Kinshasa, 10 juillet 2026 – La Fondation Bill Clinton pour la Paix (FBCP) affirme que les développements judiciaires récents concernant l’ancien Inspecteur général des finances, Jules Alingete Key, ne permettent pas d’établir son implication dans des faits de corruption ou de blanchiment de capitaux. Dans un communiqué publié vendredi, l’organisation dénonce ce qu’elle qualifie de « manœuvres politiques » visant à discréditer l’ancien patron de l’Inspection générale des finances (IGF).
La Fondation indique que le communiqué du Procureur général près la Cour de cassation, publié le 4 juillet 2026, précise que les mesures d’interdiction de sortie du territoire prises à l’encontre de certaines personnes étaient uniquement conservatoires et qu’elles ont depuis été levées. Selon la FBCP, le Parquet y affirme également qu’aucune preuve de corruption ou de blanchiment de capitaux n’a, à ce stade, été établie contre les personnes concernées.
L’organisation soutient par ailleurs que plusieurs dossiers évoqués avaient déjà fait l’objet d’enquêtes judiciaires ayant abouti à des décisions de non-lieu ou de classement. Elle rappelle également qu’en avril 2025, la Cellule nationale des renseignements financiers (CENAREF) aurait conclu, à l’issue de ses investigations, à l’absence d’éléments établissant des faits de blanchiment de capitaux imputables à Jules Alingete Key. La Fondation cite aussi une décision du Tribunal de paix de Kinshasa/Gombe, devenue définitive faute de recours, comme un élément allant dans le même sens.


Au-delà du volet judiciaire, la FBCP dénonce l’existence de ce qu’elle décrit comme des « manœuvres de coulisses » destinées à affaiblir Jules Alingete.

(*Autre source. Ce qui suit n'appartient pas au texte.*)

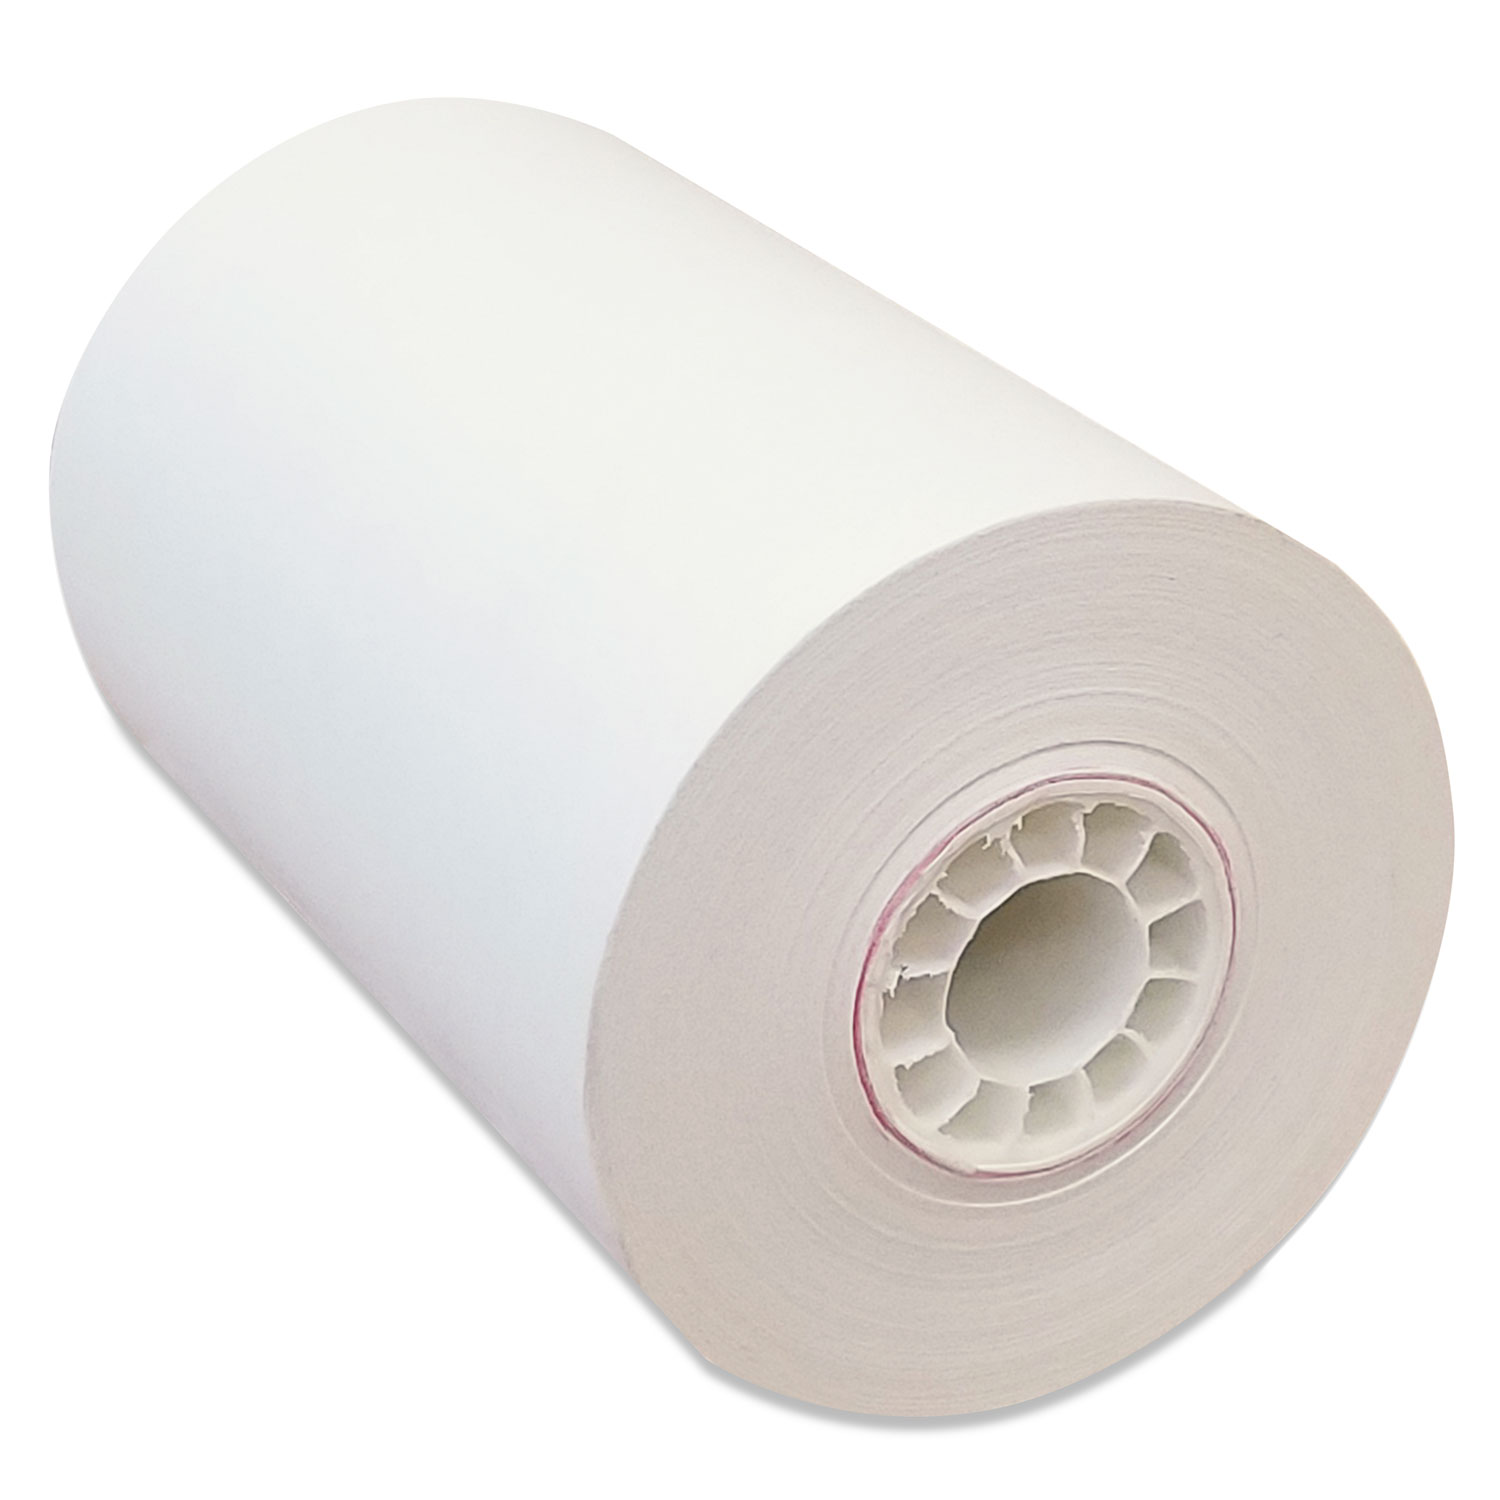 Pm Company® Direct Thermal Printing Thermal Paper Rolls 3 14 X 125 Ft White 50carton 3835

Selon elle, ces actions seraient liées aux enquêtes et poursuites engagées par l’ancien chef de l’IGF contre des auteurs présumés de détournements de fonds publics durant son mandat.
La Fondation appelle également le Gouvernement à assurer la protection de Jules Alingete, de son épouse et de ses proches, estimant que le climat actuel pourrait faire peser des risques sur leur sécurité.
À ce stade, ces accusations de manœuvres politiques émanent de la Fondation Bill Clinton pour la Paix et n’ont pas été étayées publiquement par des éléments de preuve. Les autorités ou les personnes mises en cause par ces allégations ne se sont pas exprimées dans le cadre de ce communiqué. Conformément aux principes d’équilibre de l’information, ces affirmations doivent donc être présentées comme la position de la FBCP.